* _Given material_:

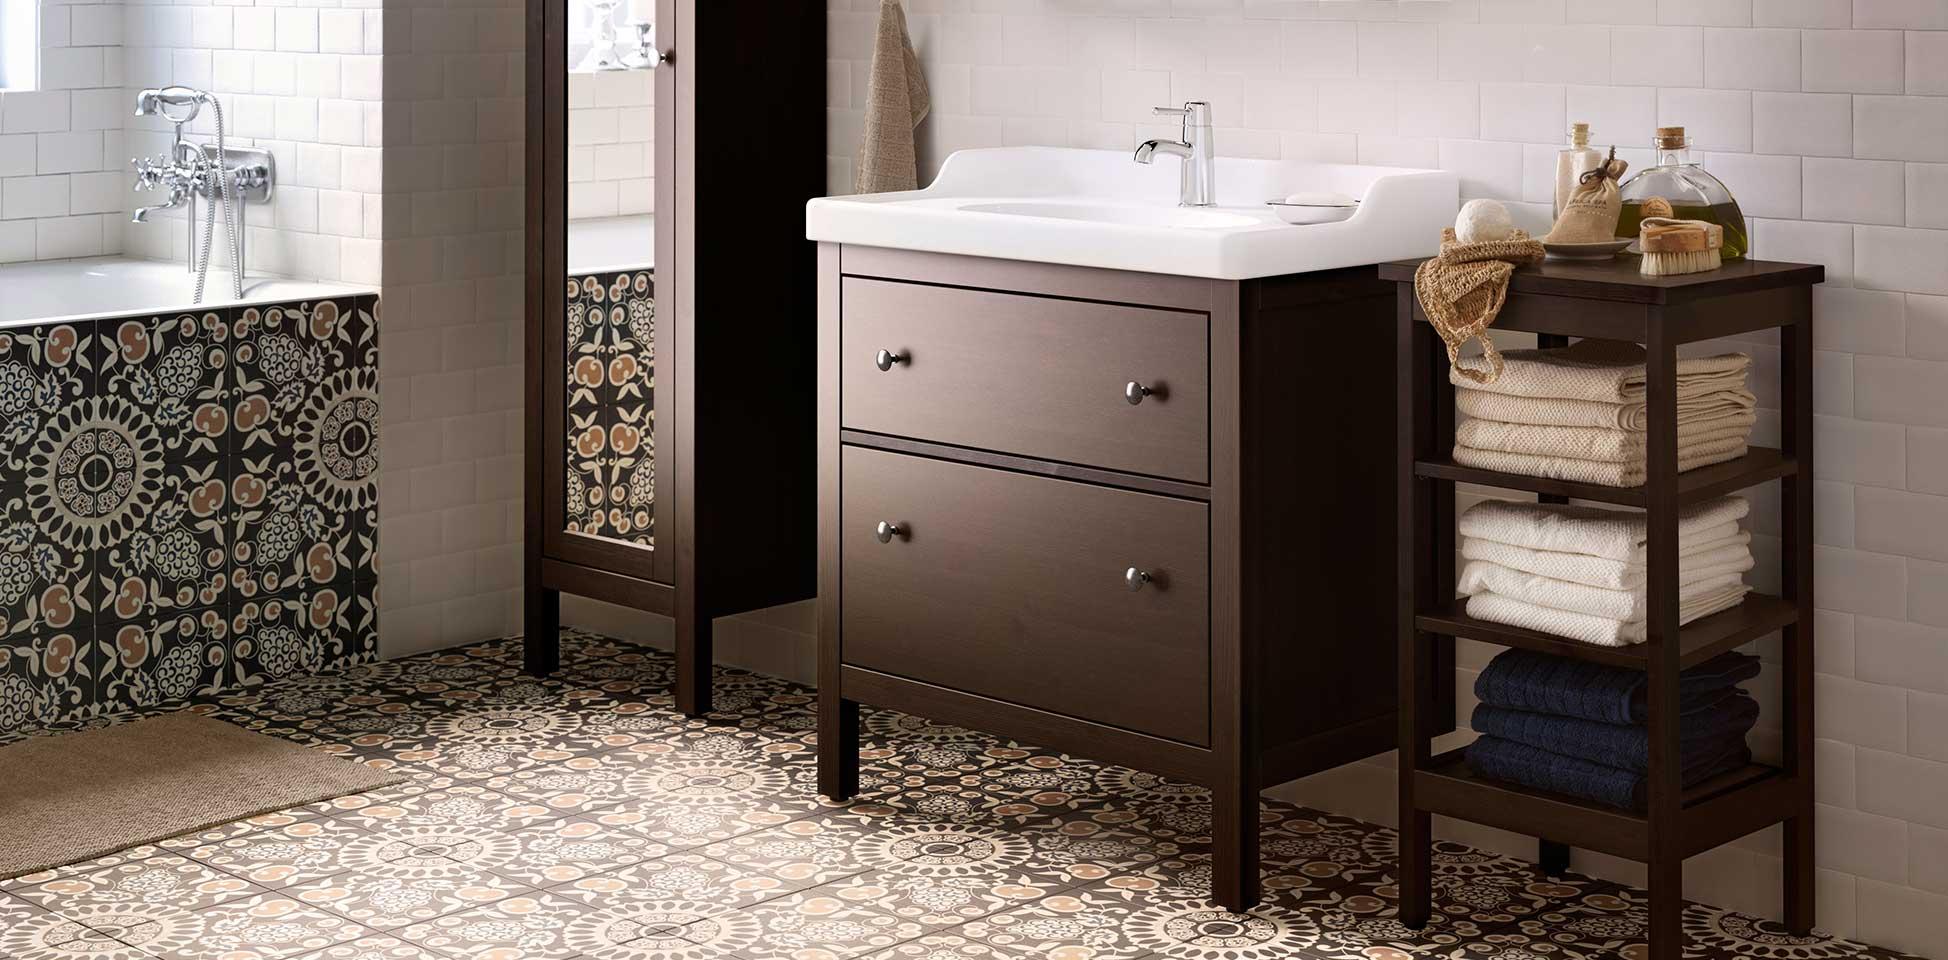 Consejos para elegir los colores de los muebles de tu baño
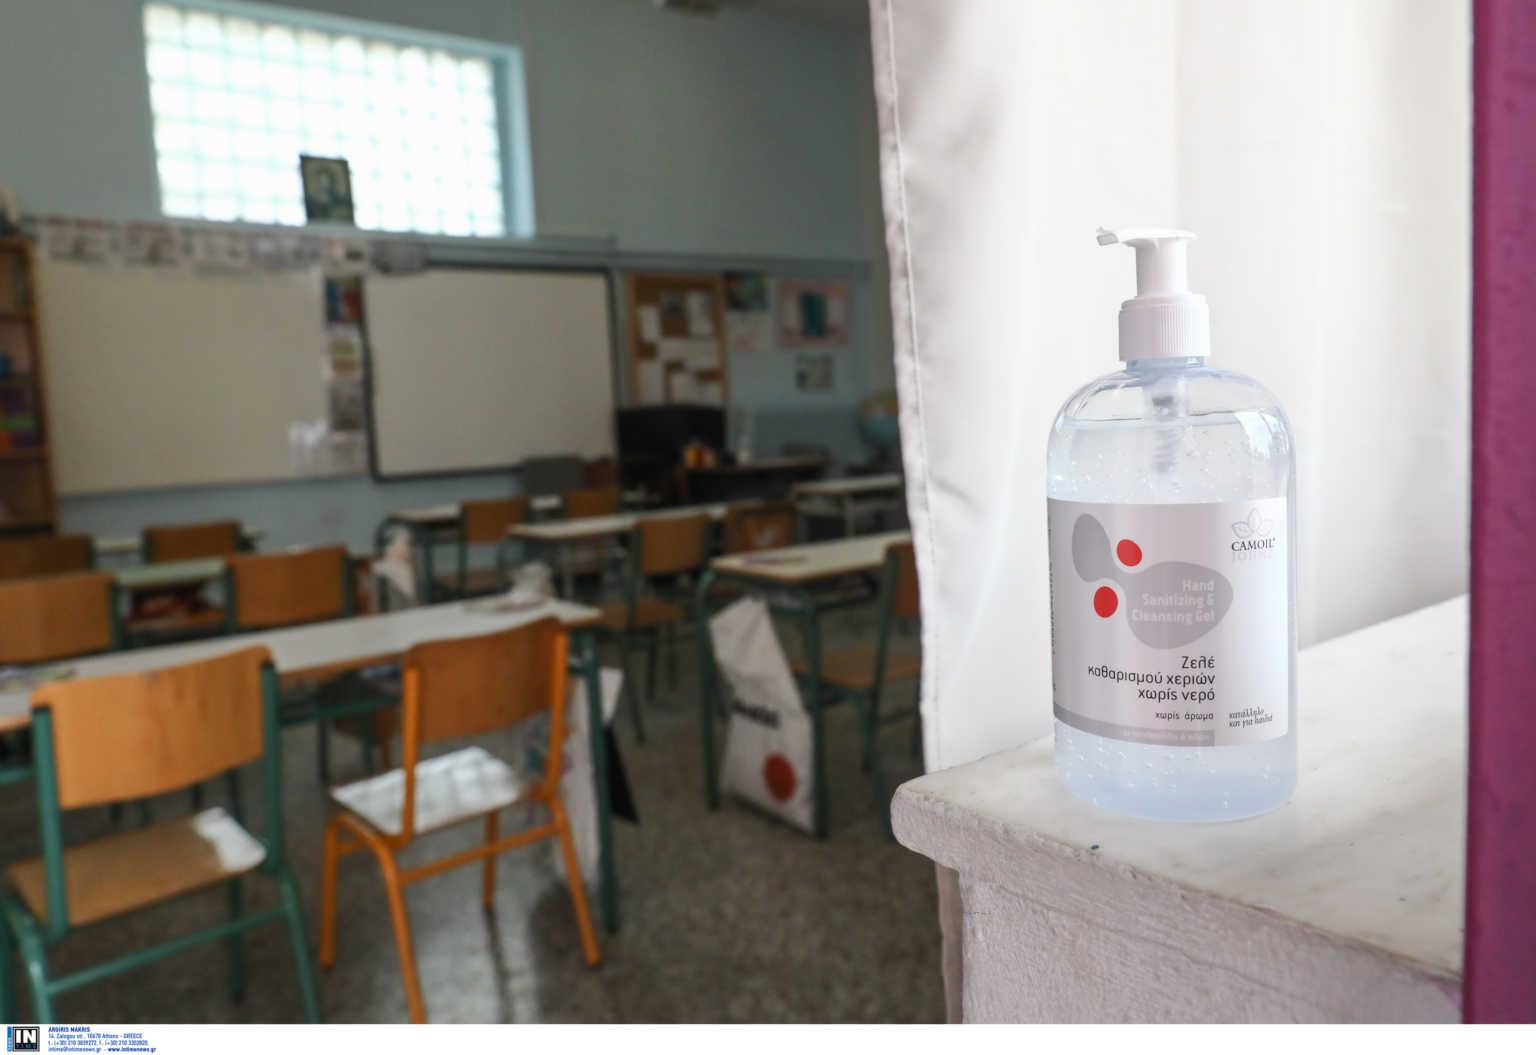 Ποια σχολεία δεν ανοίγουν αύριο λόγω κορονοϊού – Αναλυτικά οι περιοχές
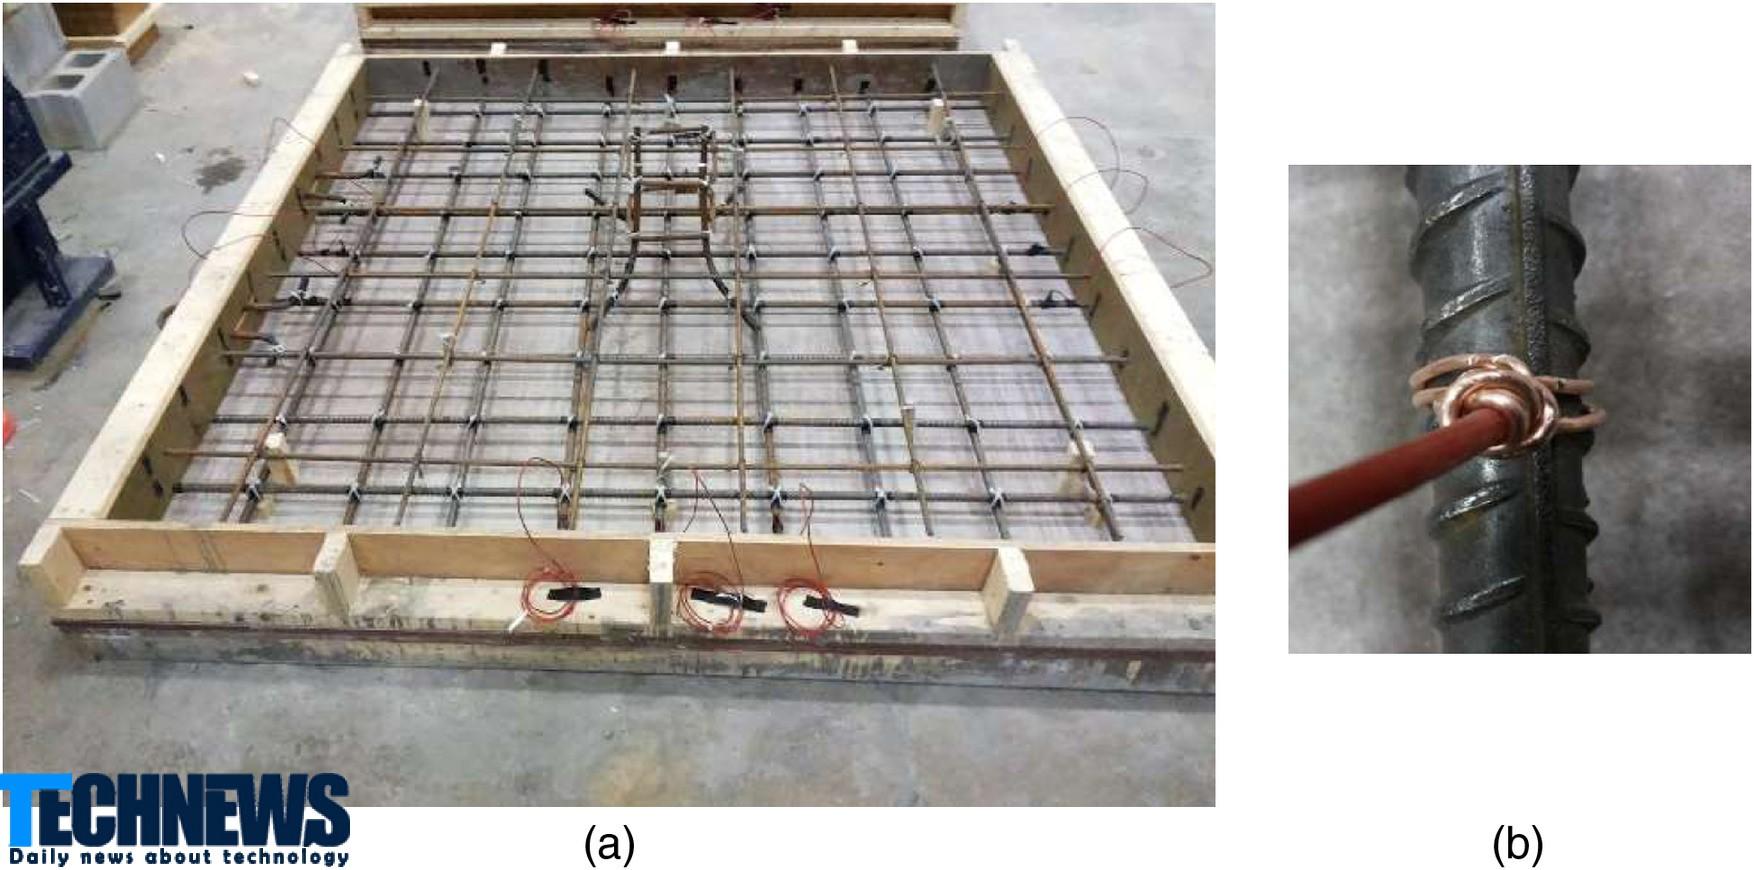 ساخت حسگرهای بتن سنج لحظه ای که میتواند ساختن یک ساختمان را چندین ماه تسریع کند
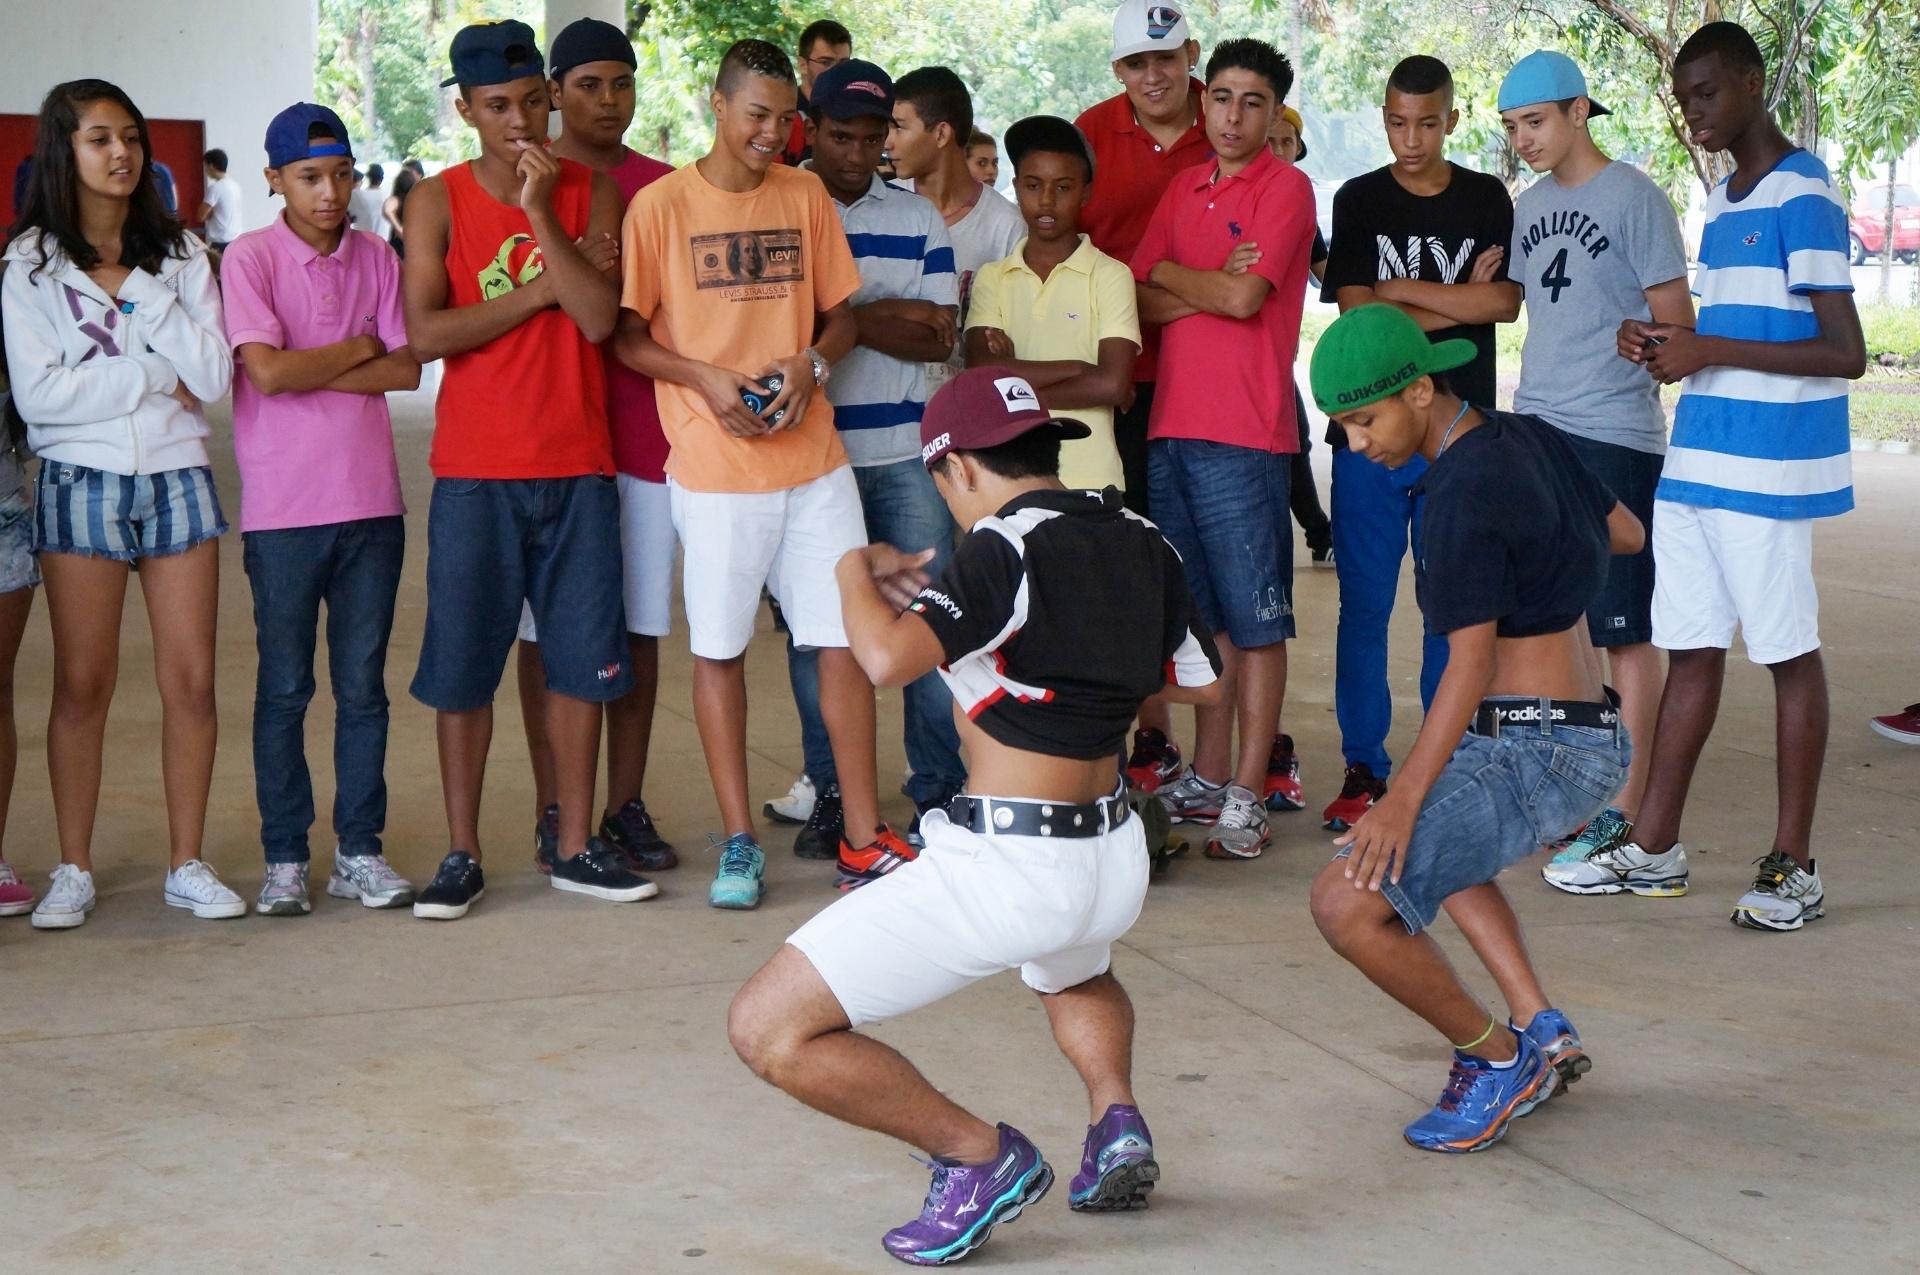 15.fev.2014 - Primeiro Rolezinho autorizado pela Prefeitura de São Paulo foi realizado neste sábado (15), no Parque do Ibirapuera. Apesar da chuva, cerca de 200 jovens se reuniram e dançaram durante o encontro

* _Task item_:
The answer should consist only of the lines from the line with "Ποια σχολεία δεν" through the last line of the data, repeated exactly; pictures stay out.

* _Written answer_:
 Ποια σχολεία δεν ανοίγουν αύριο λόγω κορονοϊού – Αναλυτικά οι περιοχές
 ساخت حسگرهای بتن سنج لحظه ای که میتواند ساختن یک ساختمان را چندین ماه تسریع کند
 15.fev.2014 - Primeiro Rolezinho autorizado pela Prefeitura de São Paulo foi realizado neste sábado (15), no Parque do Ibirapuera. Apesar da chuva, cerca de 200 jovens se reuniram e dançaram durante o encontro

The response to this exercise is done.